How Dean loved Sam
Sam loved Dean. Dean loved Sam. They would do anything for each other. They were brothers, after all. But then again, they were also more than just brothers.
Dean took care of Sam. He was Dean's kid. Sam was more of Dean's kid than he was ever John's. Sam was Dean's world. His whole existence revolved around Sam. His every thought was related to Sam.
That's just how Dean was wired.
'You have to look after Sammy, Dean.'
'Take care of your brother, Dean.'
'Sam's your responsibility, Dean.'
'You're his big brother, Dean.'
'Sam needs you, Dean.'
Those were the words he grew up hearing. Those were the commands he grew up obeying.
For Dean, everything was Sam. There was no in between.

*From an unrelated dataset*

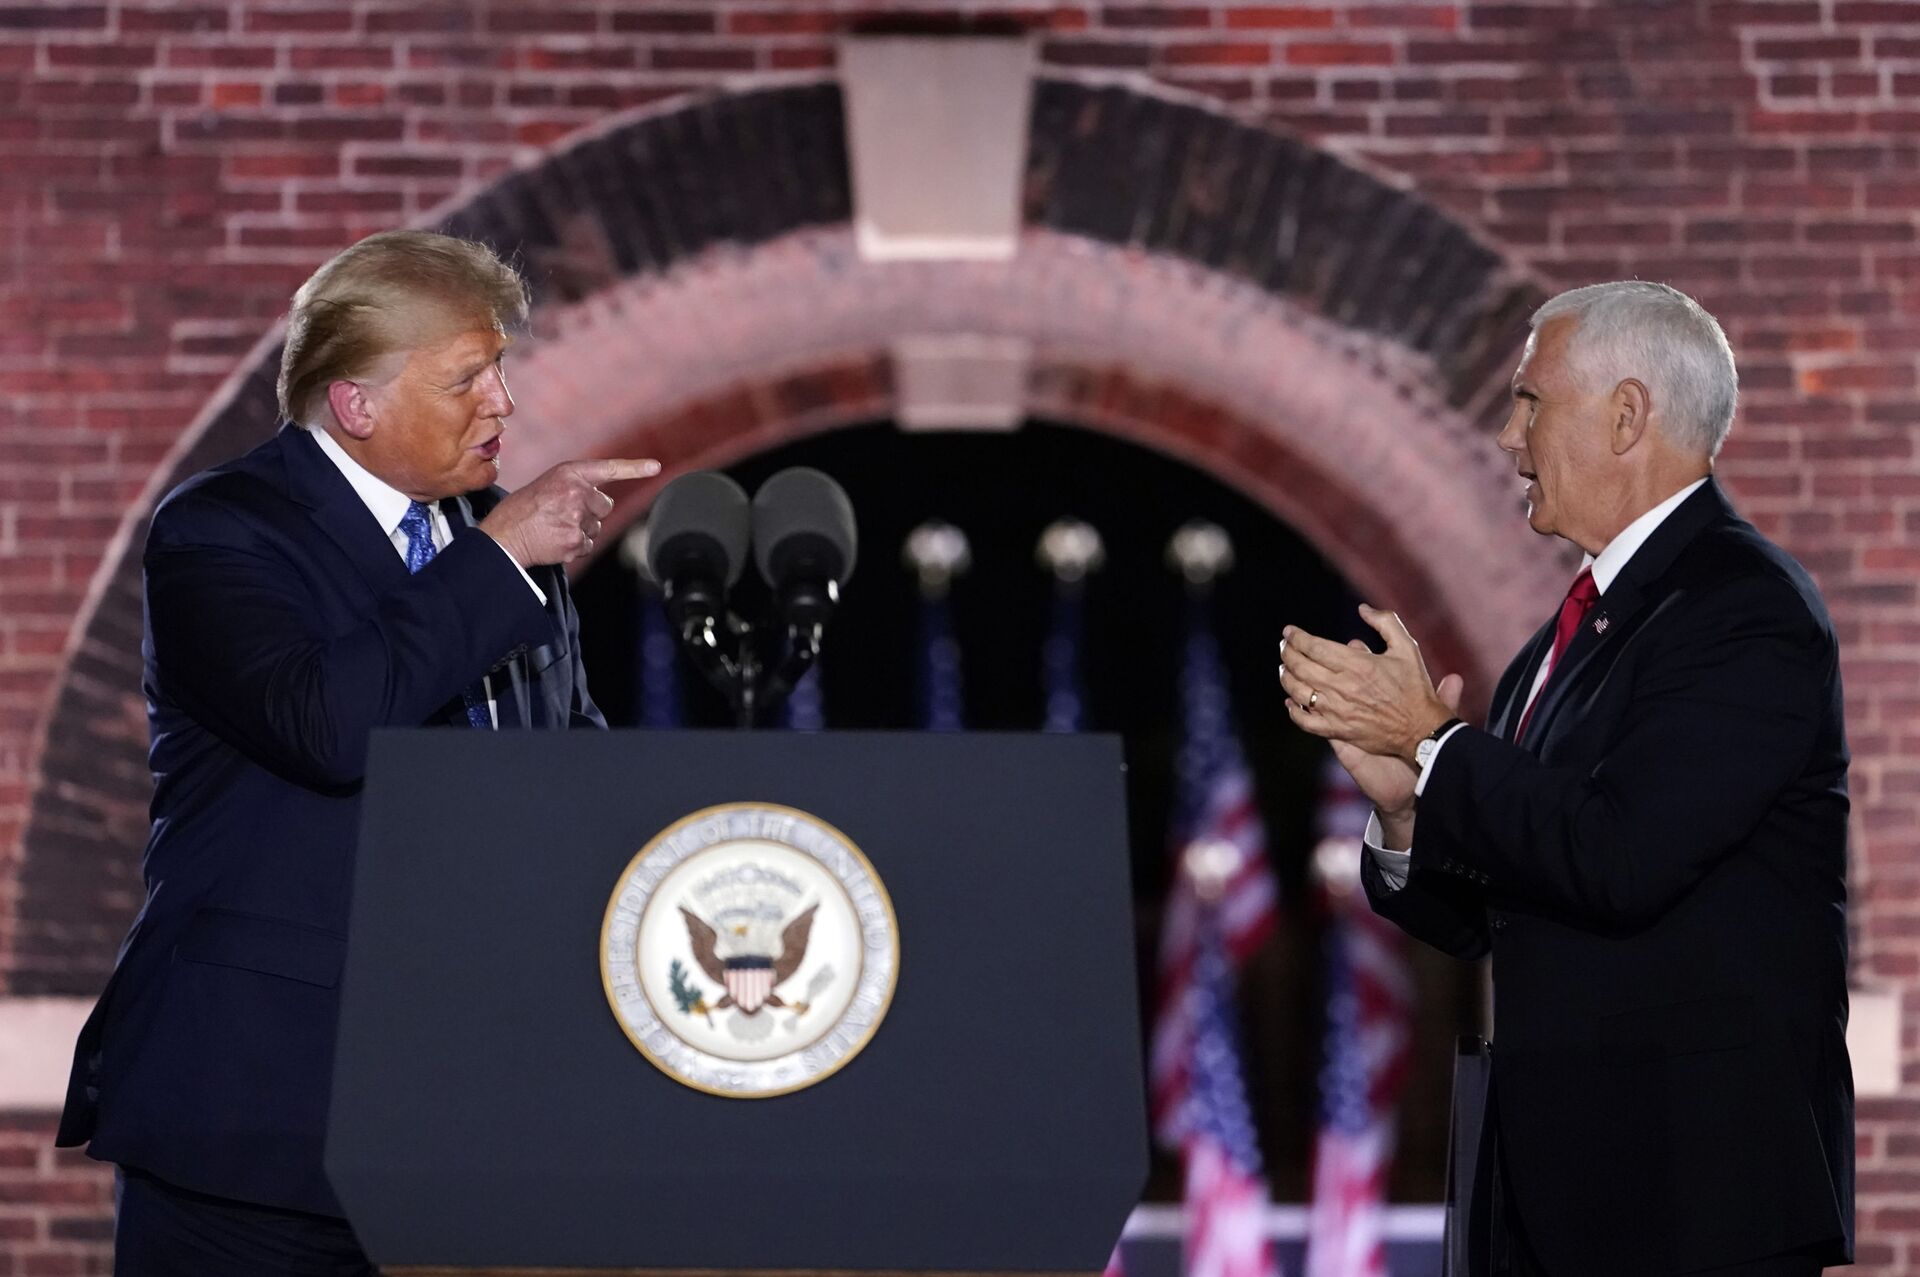 President Donald Trump joins Vice President Mike Pence on stage after Pence spoke on the third day of the Republican National Convention at Fort McHenry National Monument and Historic Shrine in Baltimore, Wednesday, Aug. 26, 2020 - Sputnik International, 1920, 06.01.2022
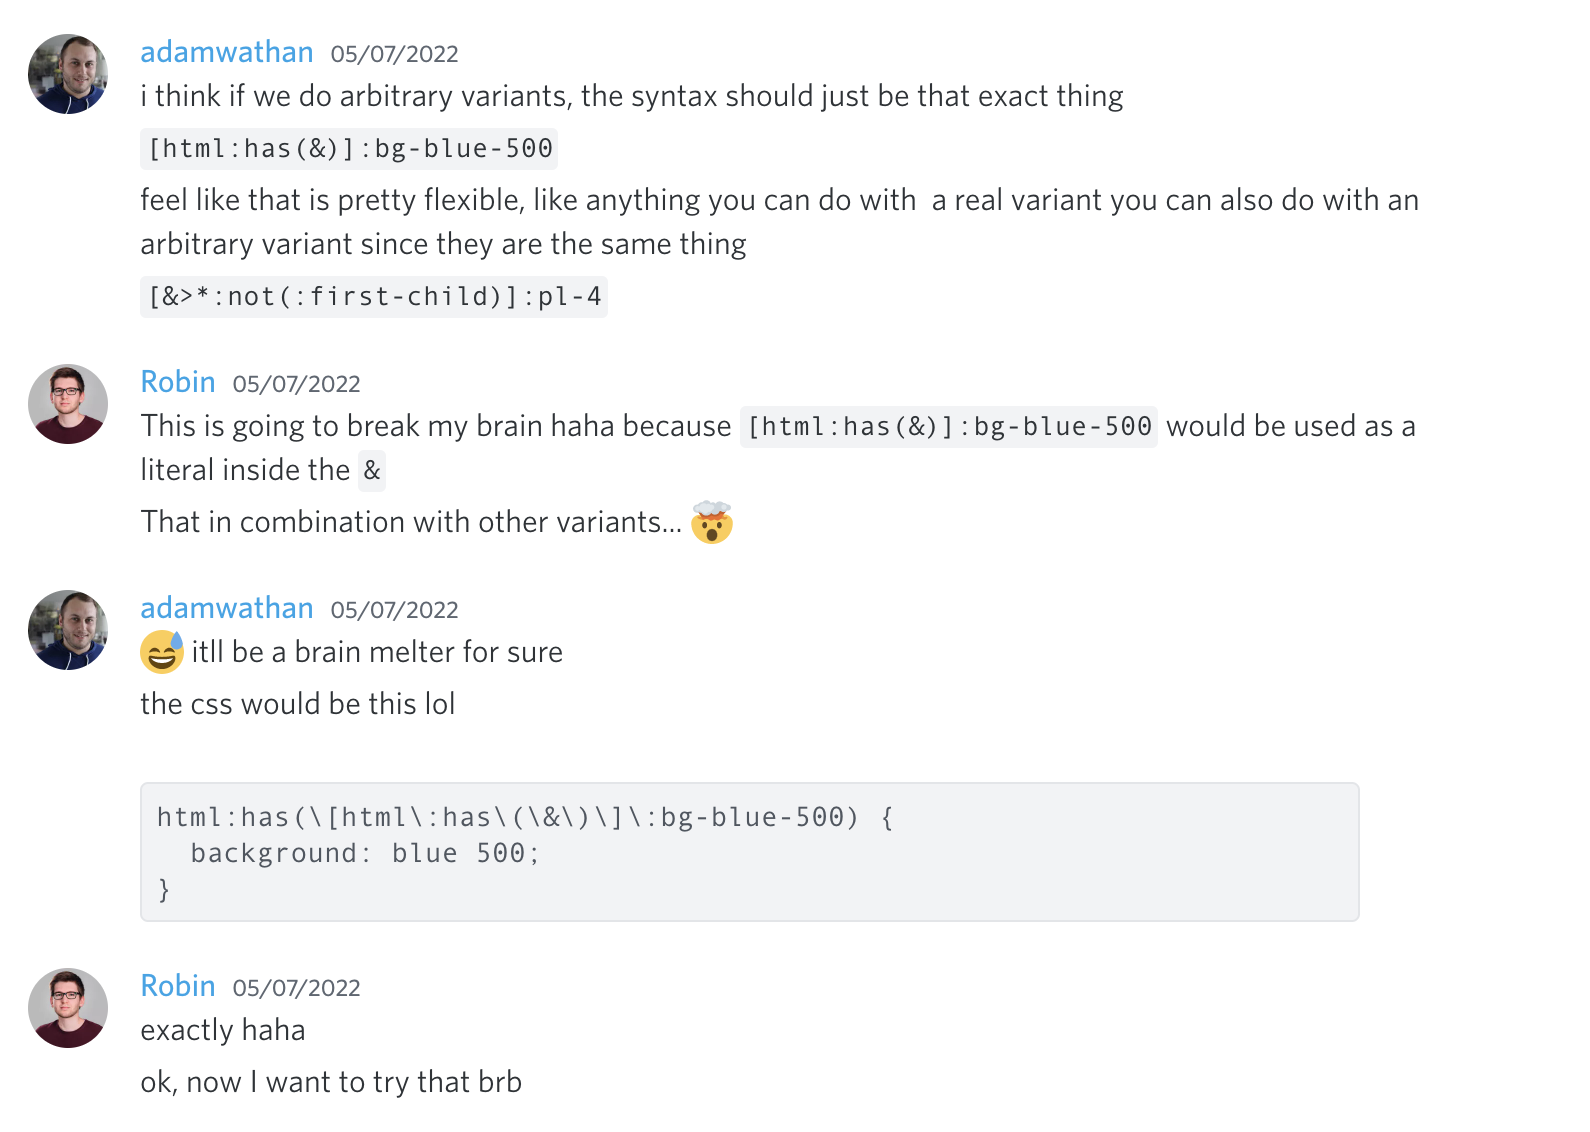 Adam Wathan: I think if we do arbitrary variants, the syntax should just be that exact thing, '[html:has(&)]:bg-blue-500'. Feel like that is pretty flexible, like anything you can do with a real variant you can also do with an arbitrary variant since they are the same thing. '[&>*:not(:first-child)]:pl-4'. Robin: This is going to break my brain haha because '[html:has(&)]:bg-blue-500' would be used as a literal inside the '&'. That in combination with other variants... 🤯. Adam Wathan: 😅 it'll be a brain melter for sure. The CSS would be this lol 'html:has(\[html\:has\(\&\)\]\:bg-blue-500 { background: blue 500 }'. Robin: exactly haha. ok, now I want to try that brb.

For Sam, though, not everything was Dean. It's not like Sam was selfish. No, Sam wasn't selfish at all. He was kind, passionate, sweet, intelligent, and downright, the most adorable kid any mother could wish for their daughter. Sam cared for people, and he really cared for Dean. For Sam, Dean was his older brother, his protector, his educator, and his friend.
But he wasn't his world.
That's why, even though Dean's face and voice was the last thing Sam's mind conjured as he put a gun to his head, the image wasn't enough to make him discontinue his actions.
Sam's world was his own.
And the day he realized that he could not escape his life by going to Stanford, that he could not escape his father's anger, that he could not escape the helplessness he felt, Sam Winchester thought nothing better than to blow a hole through his own grapefruit.
That's how Dean found Sam. His little brother was laying on the carpet of a cheap motel room, half of his head missing from the original chunk. His blood adding a decorative color to the otherwise uninteresting room.
But Sam was Dean's world.
It is impossible to live without one's world, so Dean Winchester had no choice.
Two days later, John Winchester knew he had failed as a father.
For some reason I've always liked when Sam is hurt or suicidal and Dean's really affected by that. Maybe I should feel remorseful after literally killing off these two brothers, but, surprisingly, I don't. It might be that working in an environment with mostly sick people is making me hard of heart.
If Kripke were ever to hand the writer's right to me, (Which will never happen, because come on, writing is just a hobby for me) I would probably end up hurting the boys even more than they already are.